While daily ICE arrests rose 170 percent following Trump's second inauguration, the share of those arrested with a criminal conviction declined from 52 percent to 37 percent, according to Chloe N. East, Caitlin Patler, and Elizabeth Cox.
Bruno Cavani, Christopher Clayton, Amanda Dos Santos, Matteo Maggiori, and Jesse Schreger find that US mutual fund holdings of Chinese Renminbi-denominated bonds fell roughly 50 percent between 2021 and 2024, with about 65 percent of the decline driven by funds exiting RMB positions entirely. At the same time, total foreign holdings of Chinese bonds rose to $625 billion in 2024.

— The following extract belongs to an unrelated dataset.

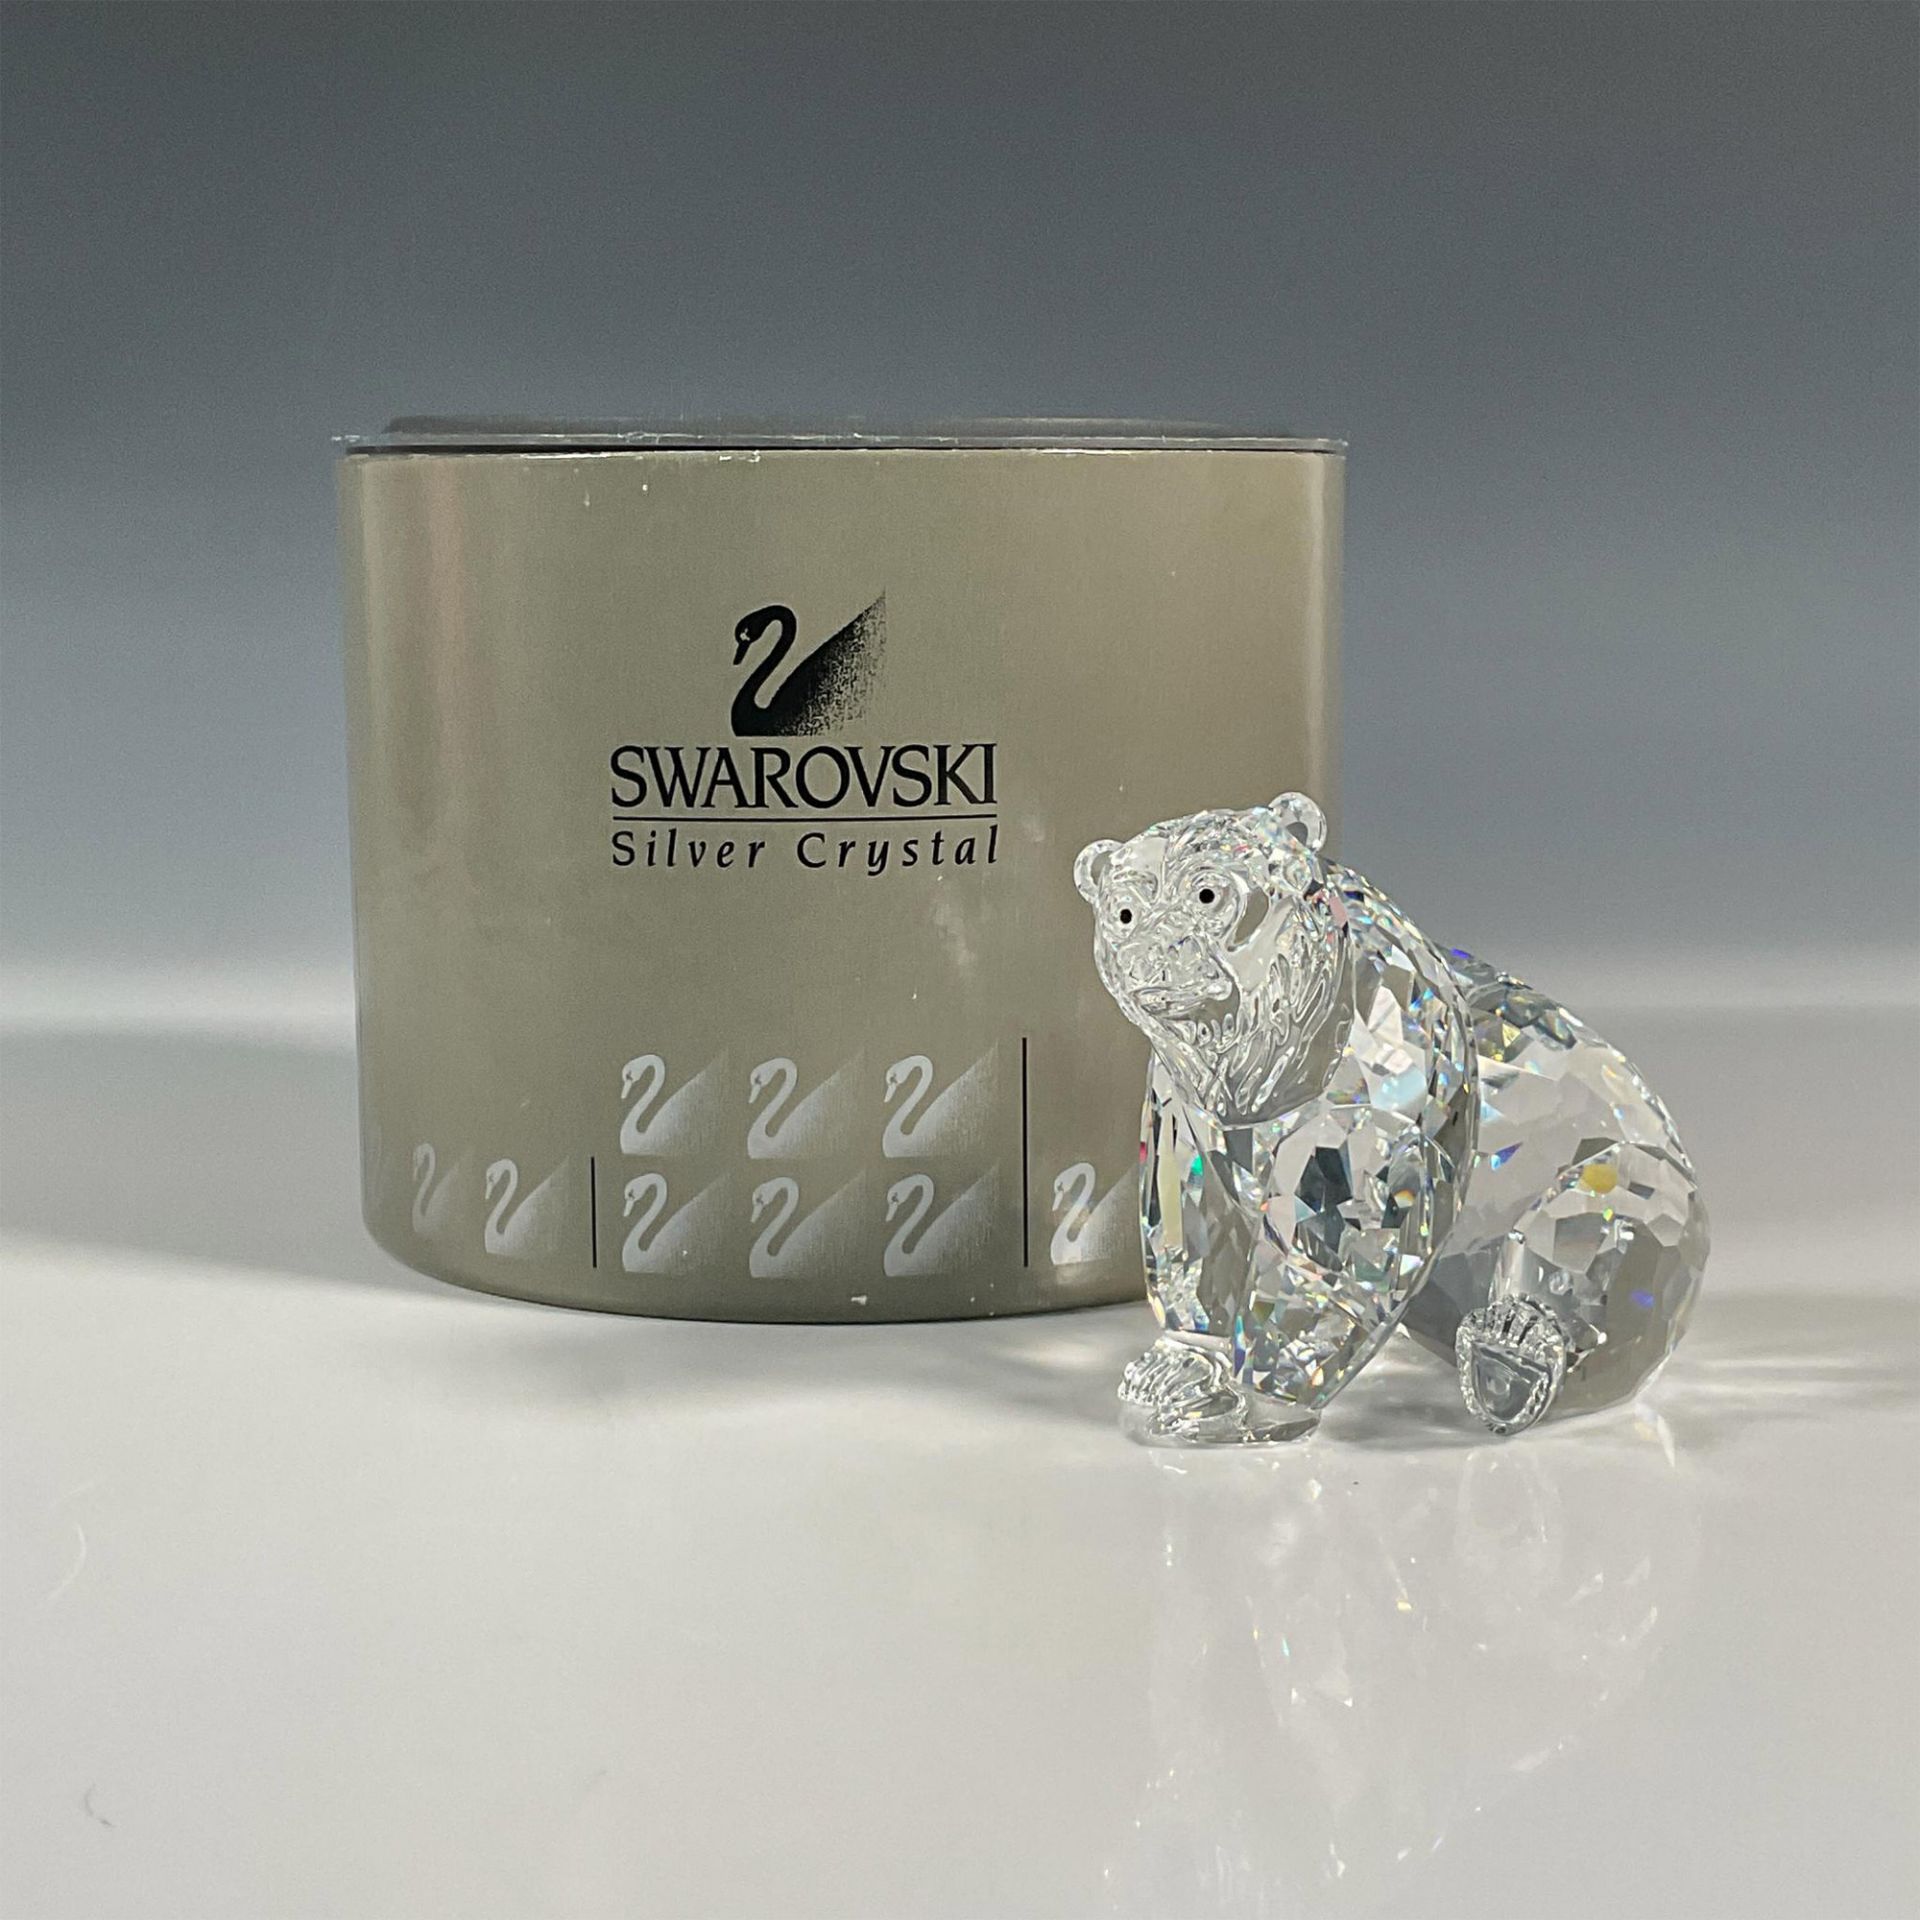 Swarovski Silver Crystal Figurine, Grizzly - Image 2 of 4

David C. Grabowski, Jonathan Gruber, and Brian E. McGarry find that a 25 percent increase in the annual net flow of immigrants would result in roughly 5,000 fewer elderly deaths per year primarily because the immigrants expand the healthcare workforce and reduce nursing home use.
Over the 1988–2016 period, Nigeria increased intergovernmental VAT transfers to states that saw active protests and that were politically aligned with the federal government by up to 2.2 percent annually, while non-aligned states saw transfers fall and greater police violence in response to protests, Belinda Archibong, Chinemelu Okafor, Evans S. Osabuohien, and Tom Moerenhout find.